See through every reference.
When reading a research paper, citation markers like [1] or (Author, Year) tell you almost nothing about the referenced work — what it's about, why it was cited, or how it connects to the current argument. Refract automatically extracts every reference from a PDF, enriches it with metadata from Semantic Scholar, and uses LLMs to explain the citation context.
- Multi-style Citation Parsing — Automatically detects and parses both numbered
[n]and author-year(Author, Year)citation formats - Semantic Scholar Integration — Retrieves title, authors, abstract, citation count, fields of study, and TL;DR for each reference
- Citation Context Extraction — Locates where each reference is cited in the body text and extracts surrounding context
- AI-powered Citation Analysis — Uses Claude or GPT to explain why a reference was cited in a given context
- Glass-morphism UI — Clean, translucent-overlay-inspired interface built with Streamlit
- JSON Export — Download the full enriched reference dataset for further analysis
# Clone
git clone https://github.com/LDY5388/refract.git
cd refract
# Install dependencies
pip install -r requirements.txt
# Run
streamlit run app.pyThe app opens automatically at http://localhost:8501.

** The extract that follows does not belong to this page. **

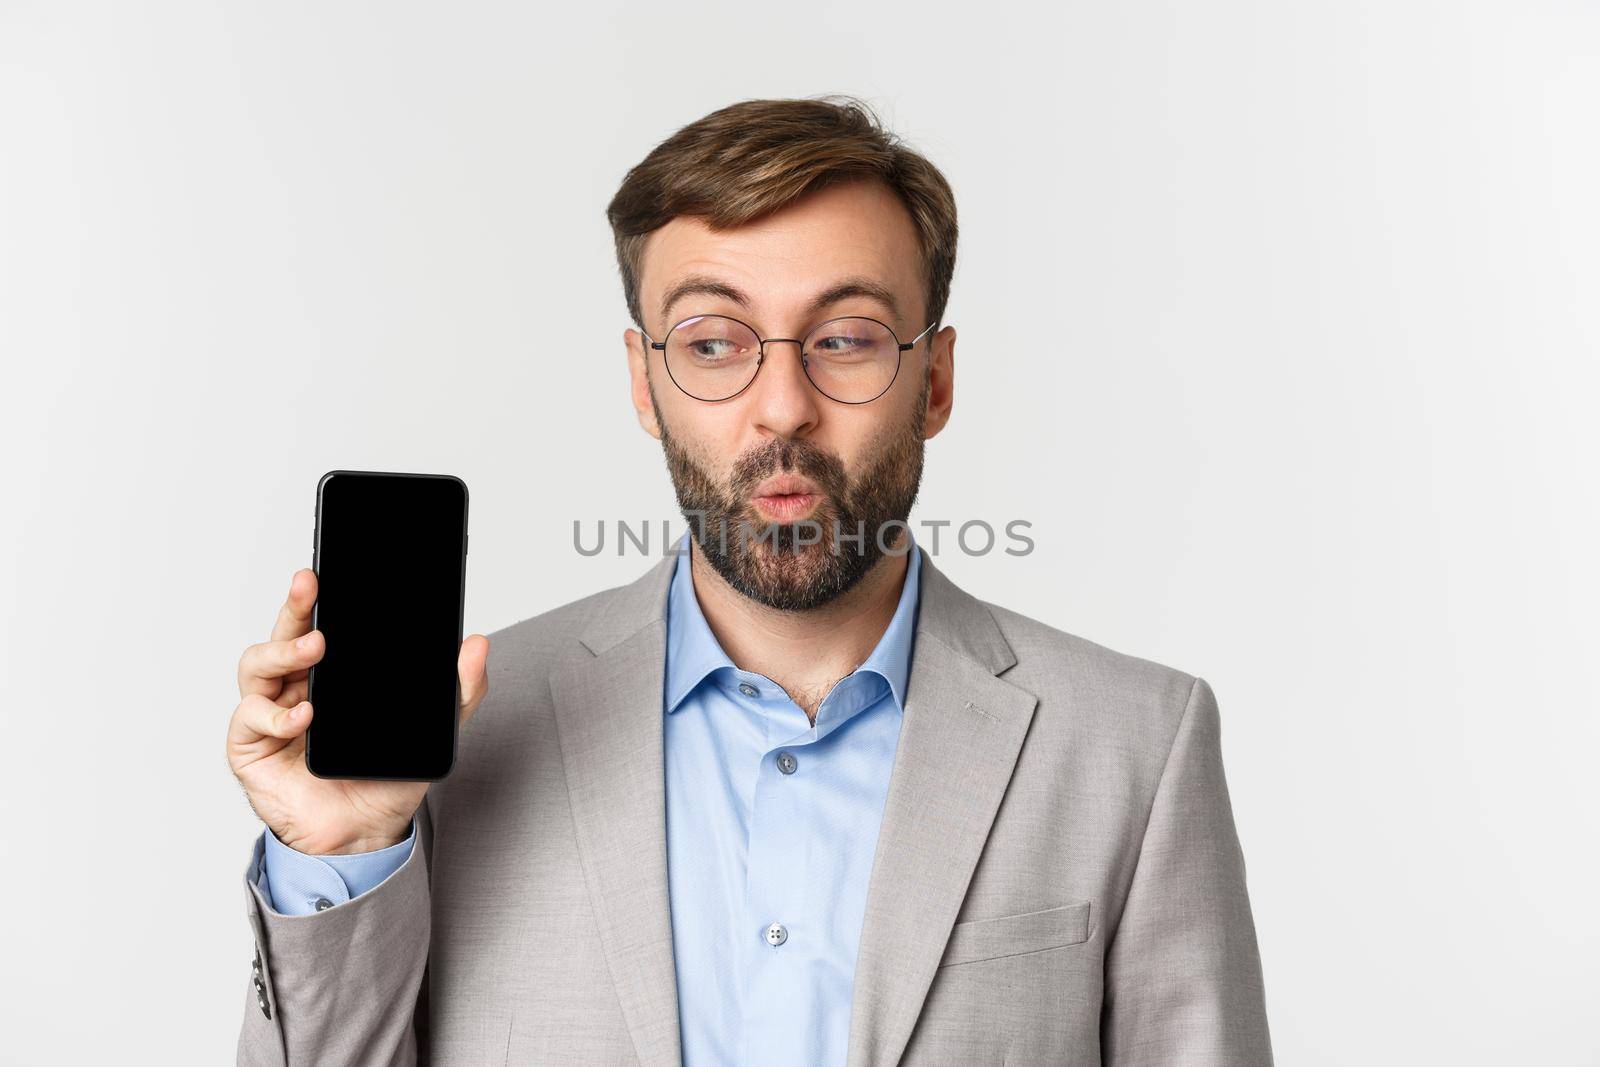 Close-up of excited businessman in gray suit and glasses, showing mobile phone screen and looking happy, standing over white background.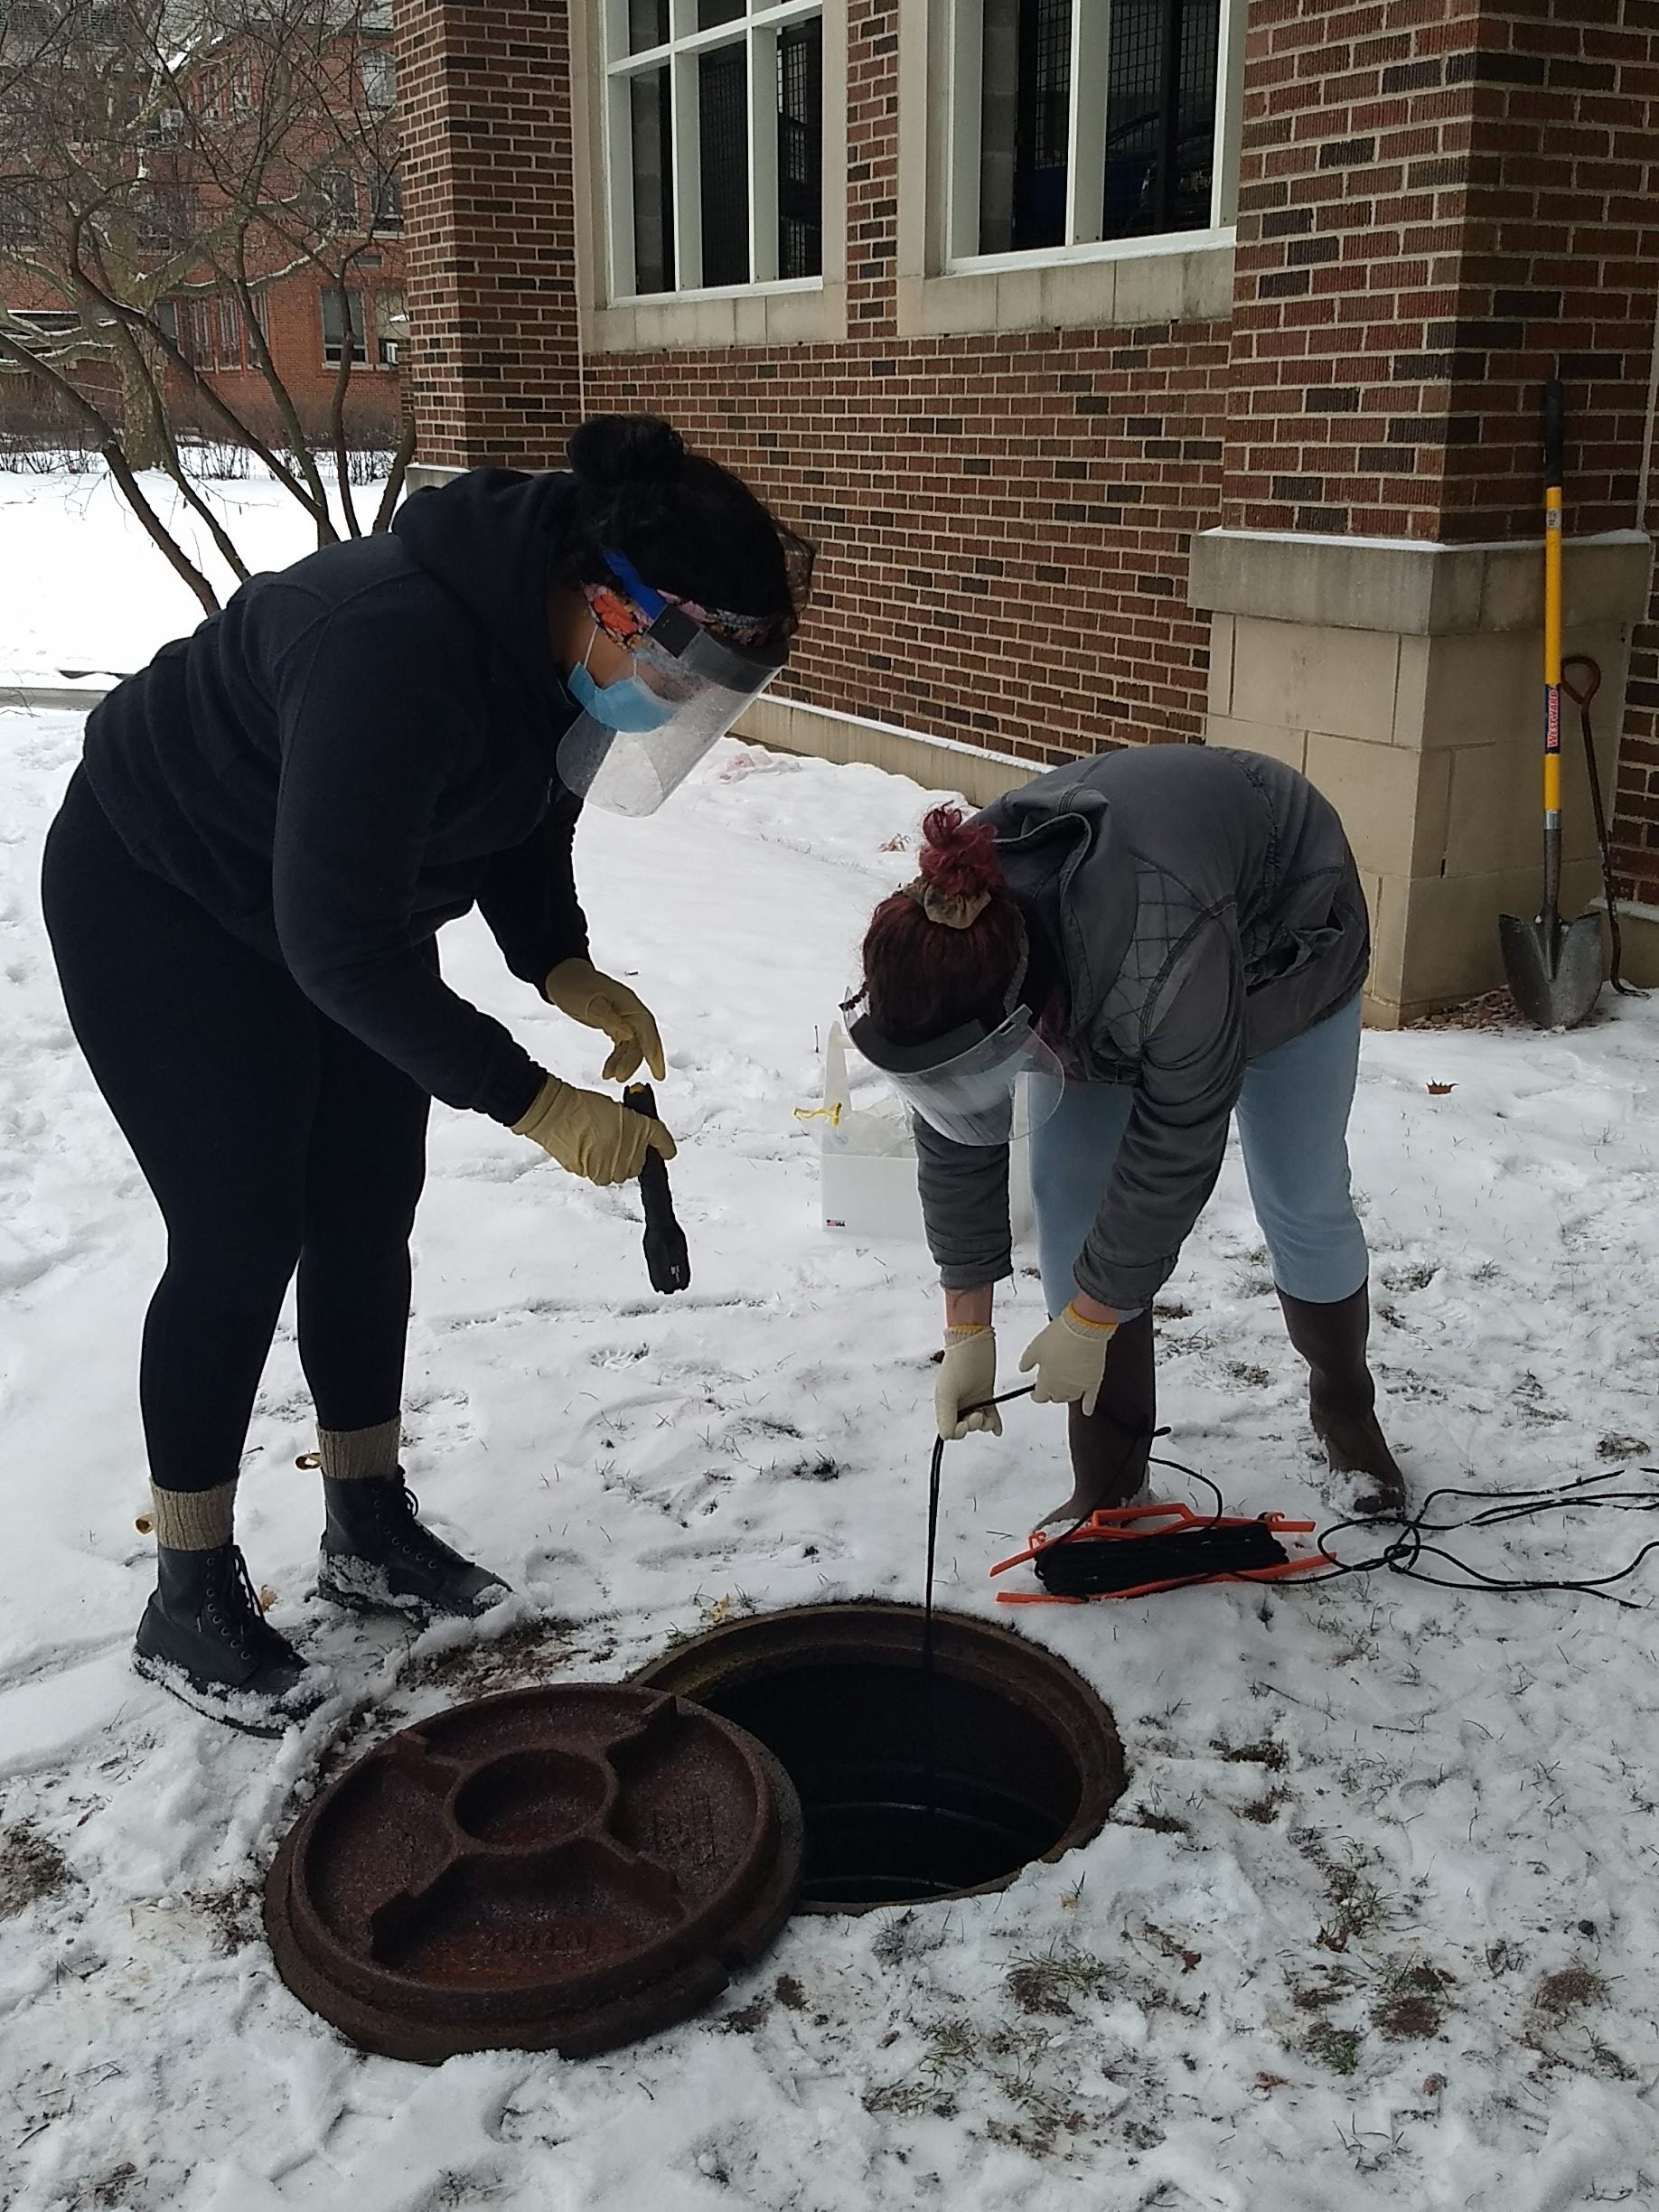 Students taking samples in the winter

- Upload a research paper (PDF)
- Refract parses references and fetches metadata from Semantic Scholar
- Browse each reference card to see:
- Title, authors, year, and citation count
- TL;DR and abstract preview
- In-text citation context
- AI-generated explanation of why the paper was cited (requires API key)
Select an API provider in the sidebar and enter your key to enable AI citation analysis.
| Provider | Model | Purpose |
|---|---|---|
| Anthropic | claude-sonnet-4-20250514 | Citation context summarization |
| OpenAI | gpt-4o-mini | Citation context summarization |
| none | — | Metadata only (no LLM) |
All core features (reference parsing + Semantic Scholar enrichment) work without an API key.
| Style | Example | Status |
|---|---|---|
| Numbered | [1], [2,3], [1-5] |
✅ Supported |
| Author-Year (parenthetical) | (Zhou et al., 2013) |
✅ Supported |
| Author-Year (inline) | Zhou et al. (2013) |
✅ Supported |
| Author-Year (multi-author) | Hastie & Tibshirani (1990) |
✅ Supported |
refract/
├── app.py # Streamlit main application
├── parser.py # PDF text extraction & multi-style reference parsing
├── scholar.py # Semantic Scholar API client
├── summarizer.py # LLM-based citation context summarizer
├── requirements.txt
└── README.md
- Phase 1: Streamlit MVP
- Phase 2: Chrome Extension (targeting arXiv HTML)
- Phase 3: PDF viewer overlay with broad site support
- Semantic Scholar API rate limit: ~100 requests per 5 minutes (free tier)
- Reference section detection accuracy may vary depending on PDF structure
- Footnote-style citations are not yet supported
MIT
Refract — See through every reference.